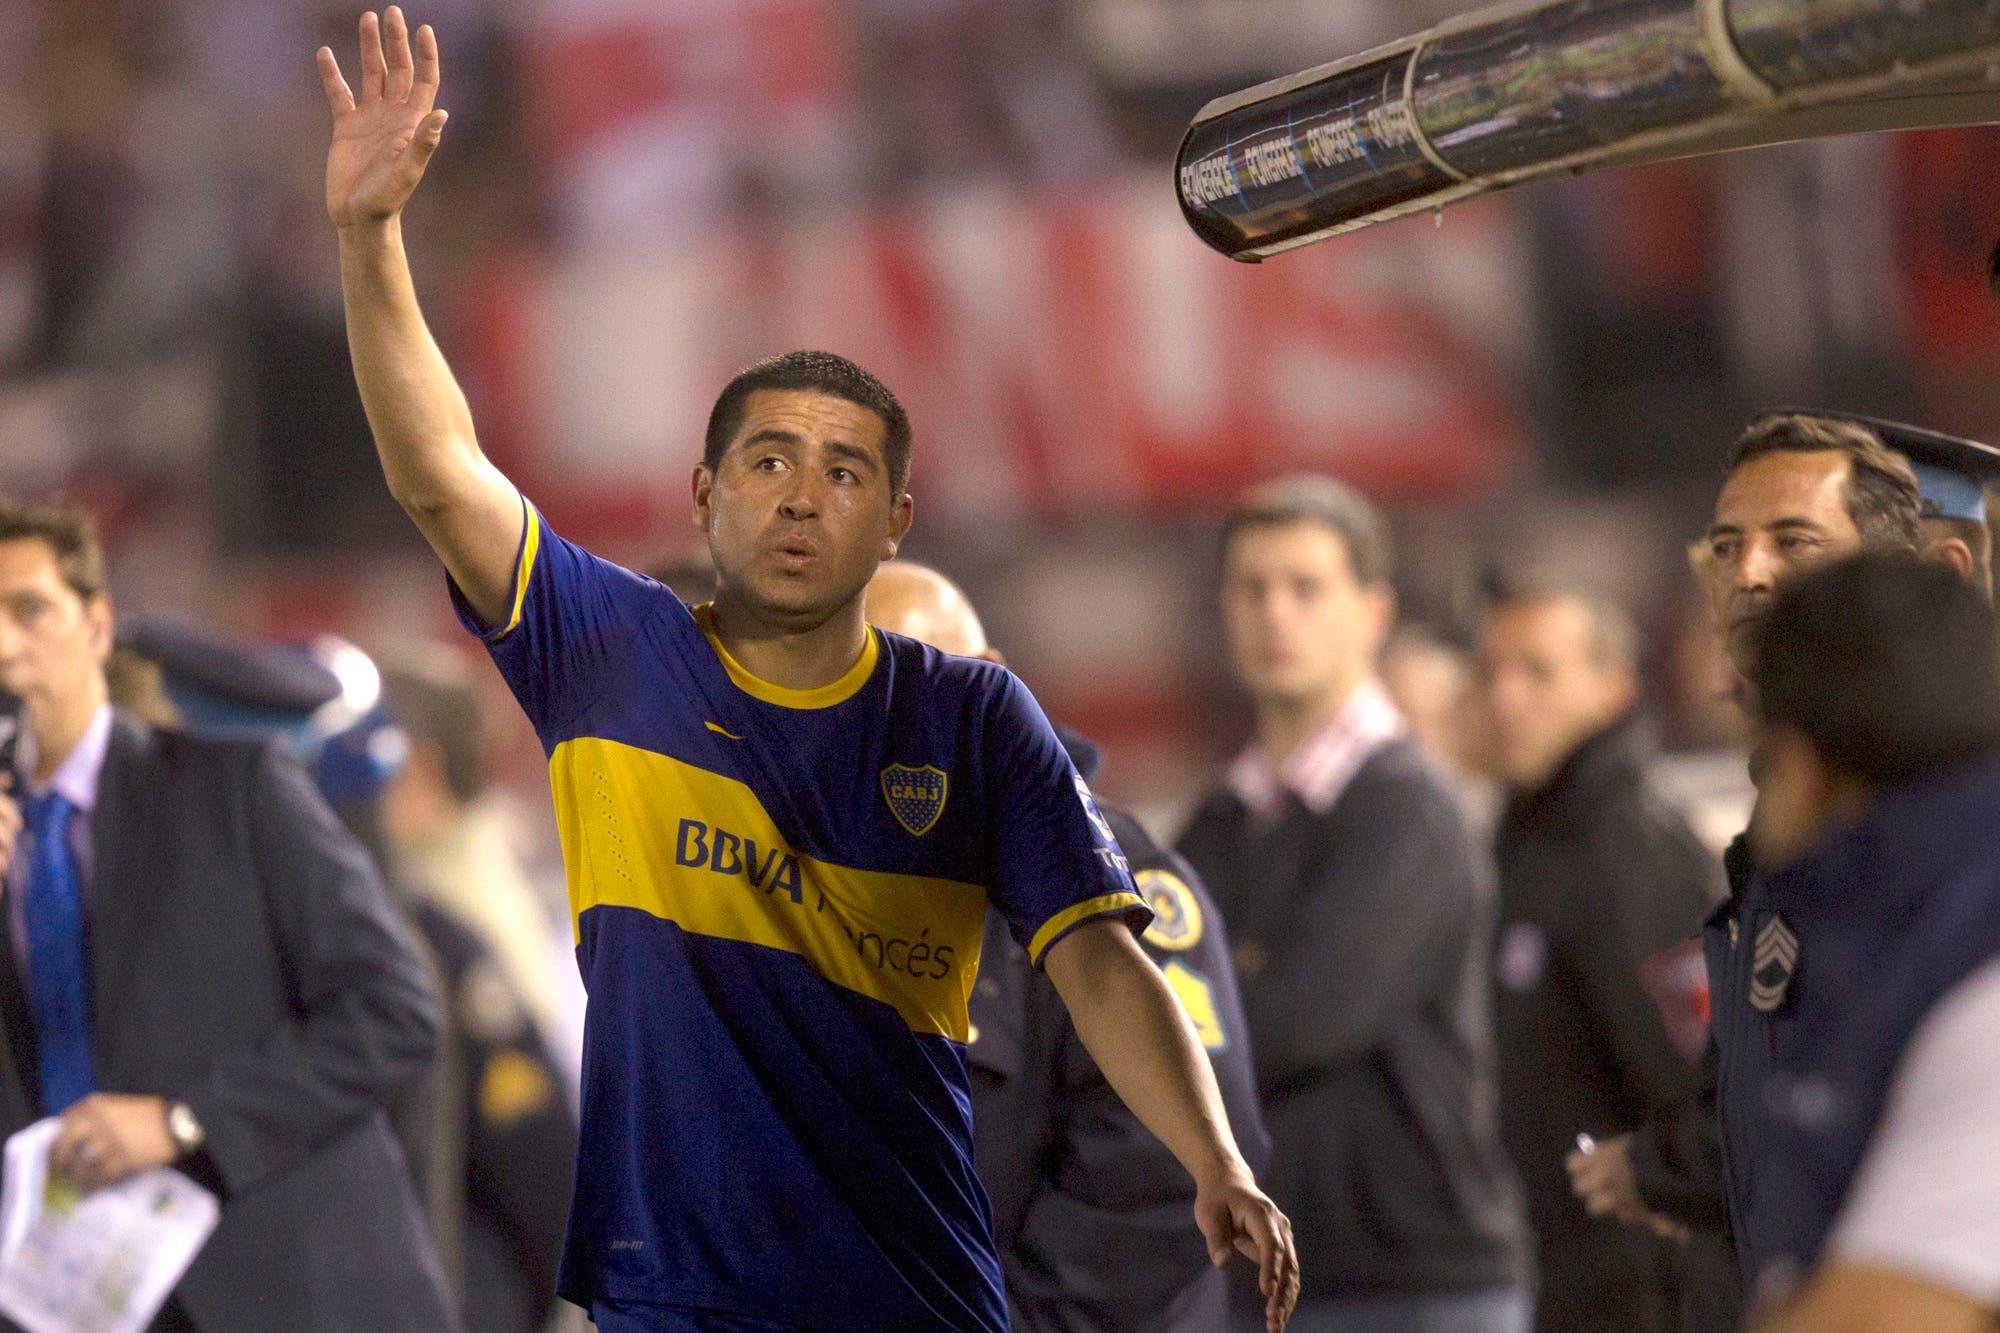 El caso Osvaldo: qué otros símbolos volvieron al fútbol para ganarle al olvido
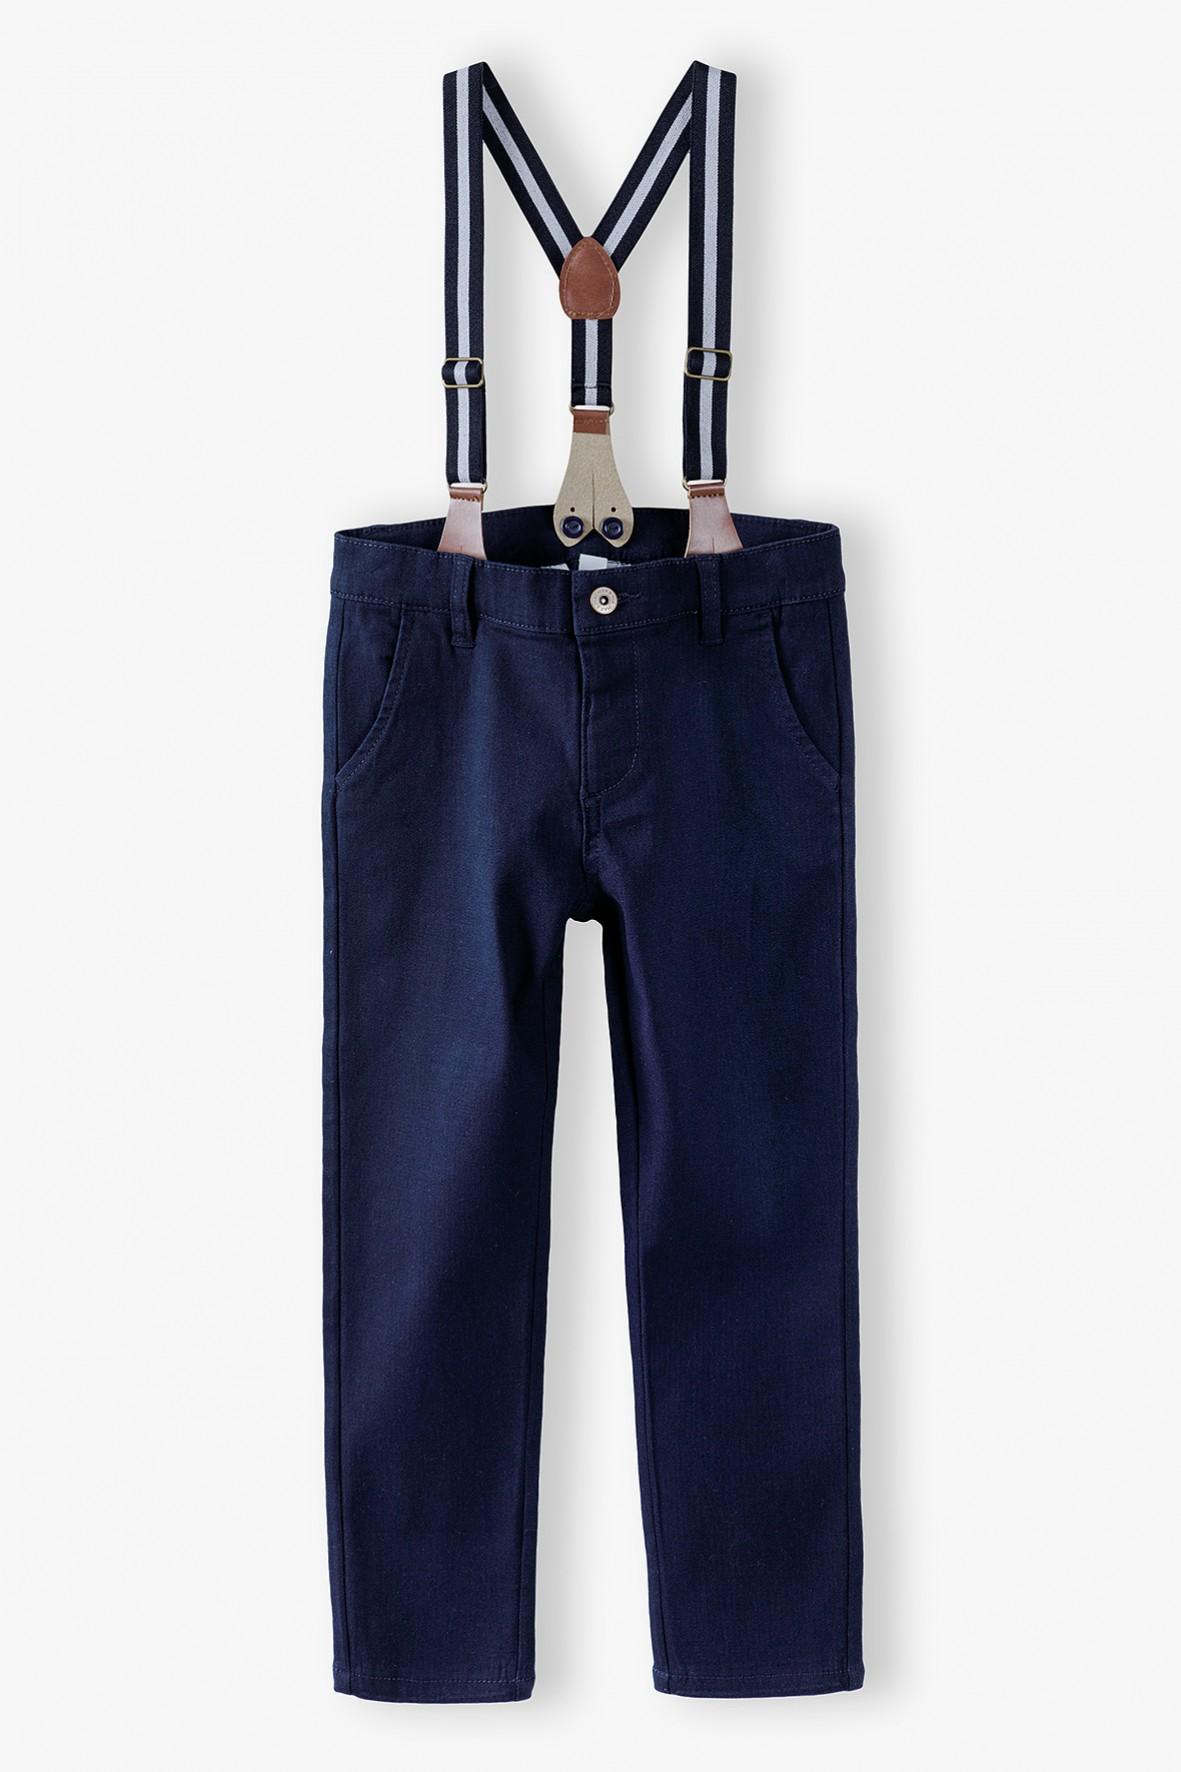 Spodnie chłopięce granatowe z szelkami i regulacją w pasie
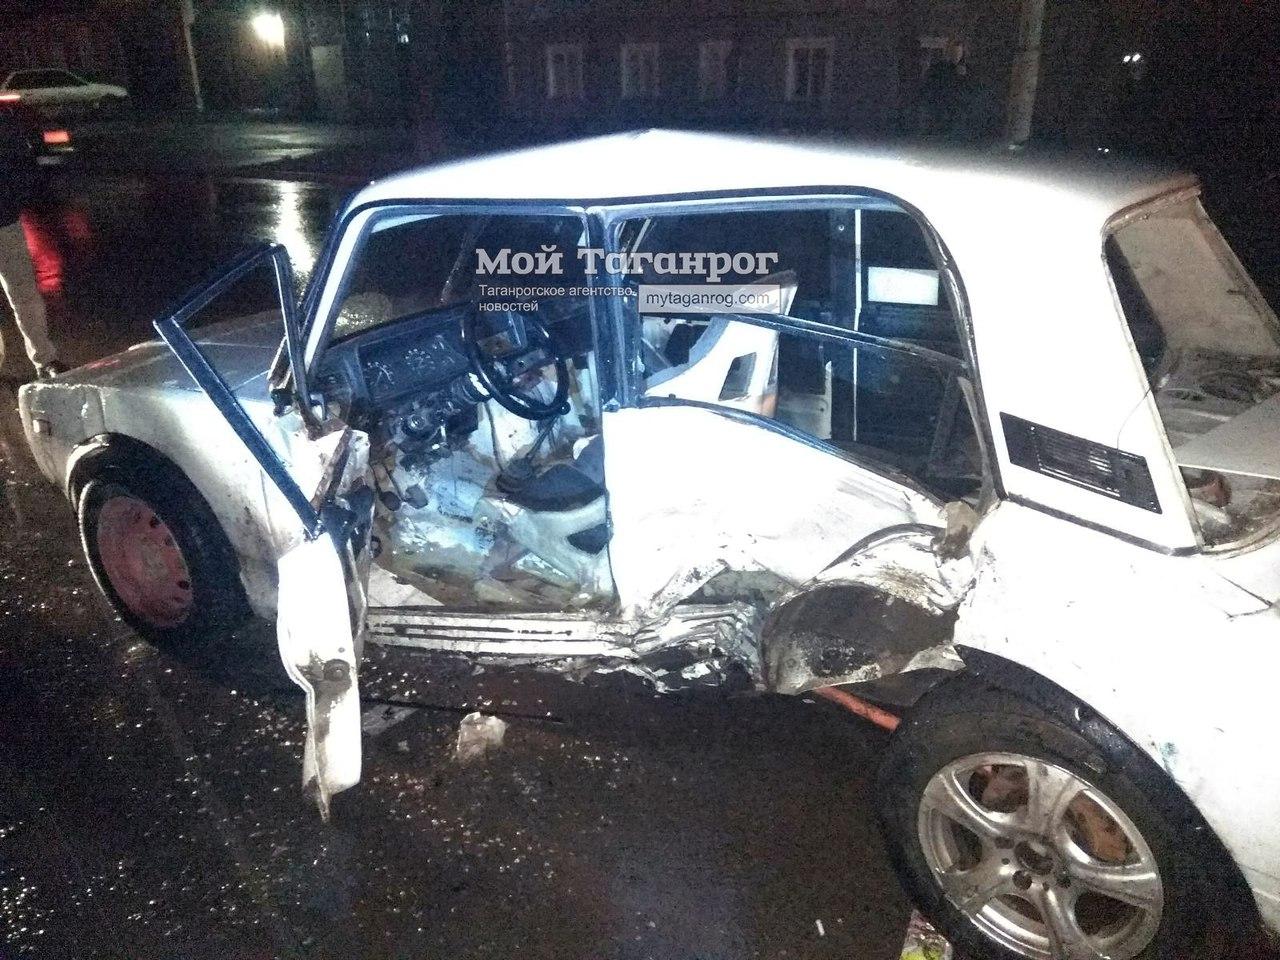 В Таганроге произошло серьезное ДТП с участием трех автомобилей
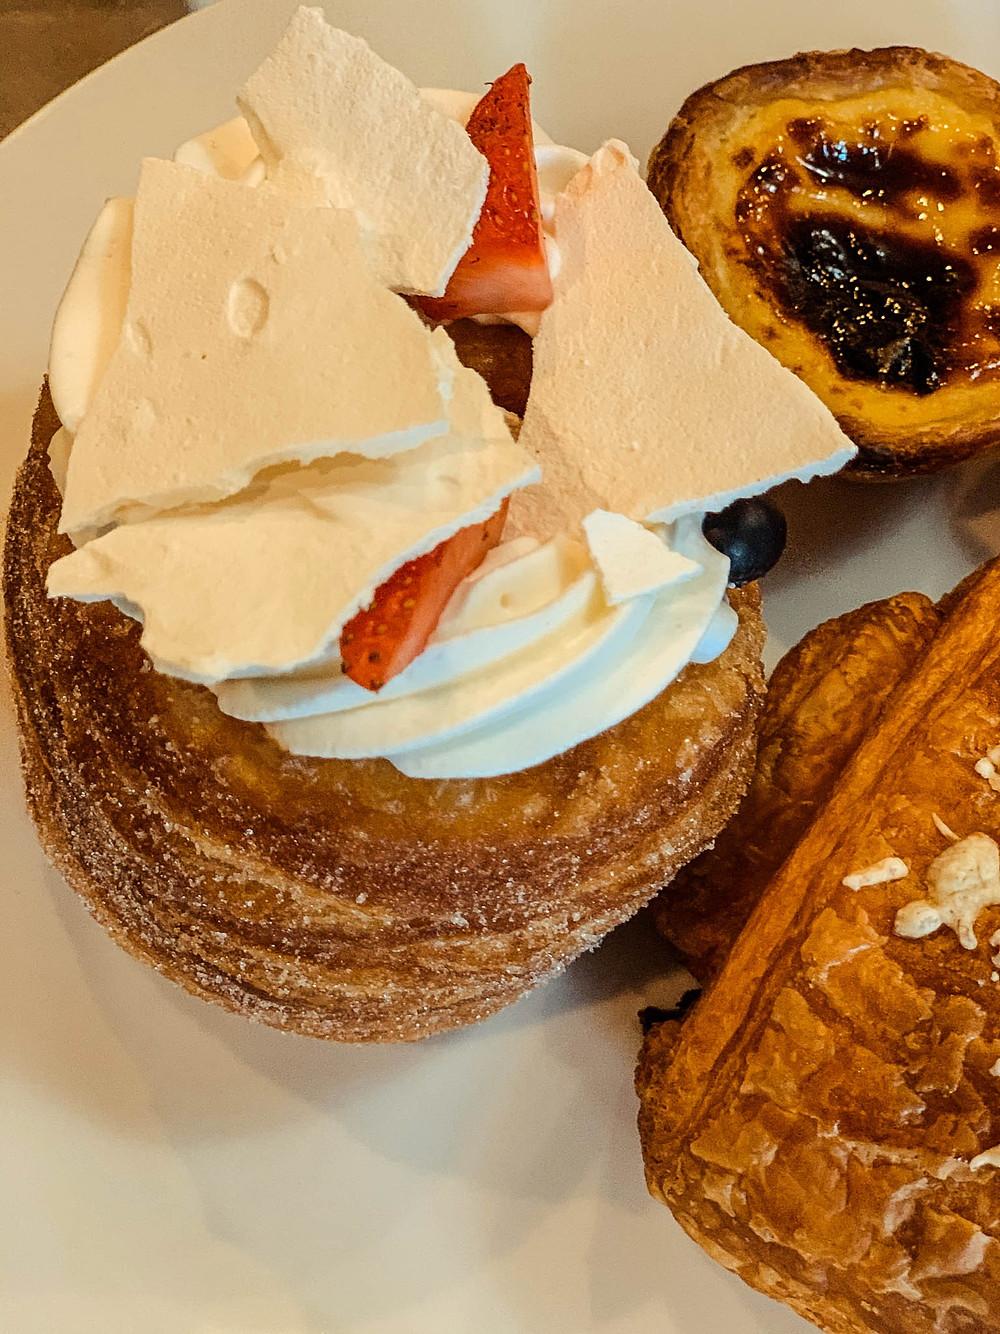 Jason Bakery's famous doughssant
★ ★ ★
#### Task item
Return the material above in exact form. Pictures stay out.

#### Answer
 El caso Osvaldo: qué otros símbolos volvieron al fútbol para ganarle al olvido
 Spodnie chłopięce granatowe z szelkami i regulacją w pasie
 В Таганроге произошло серьезное ДТП с участием трех автомобилей
 Jason Bakery's famous doughssant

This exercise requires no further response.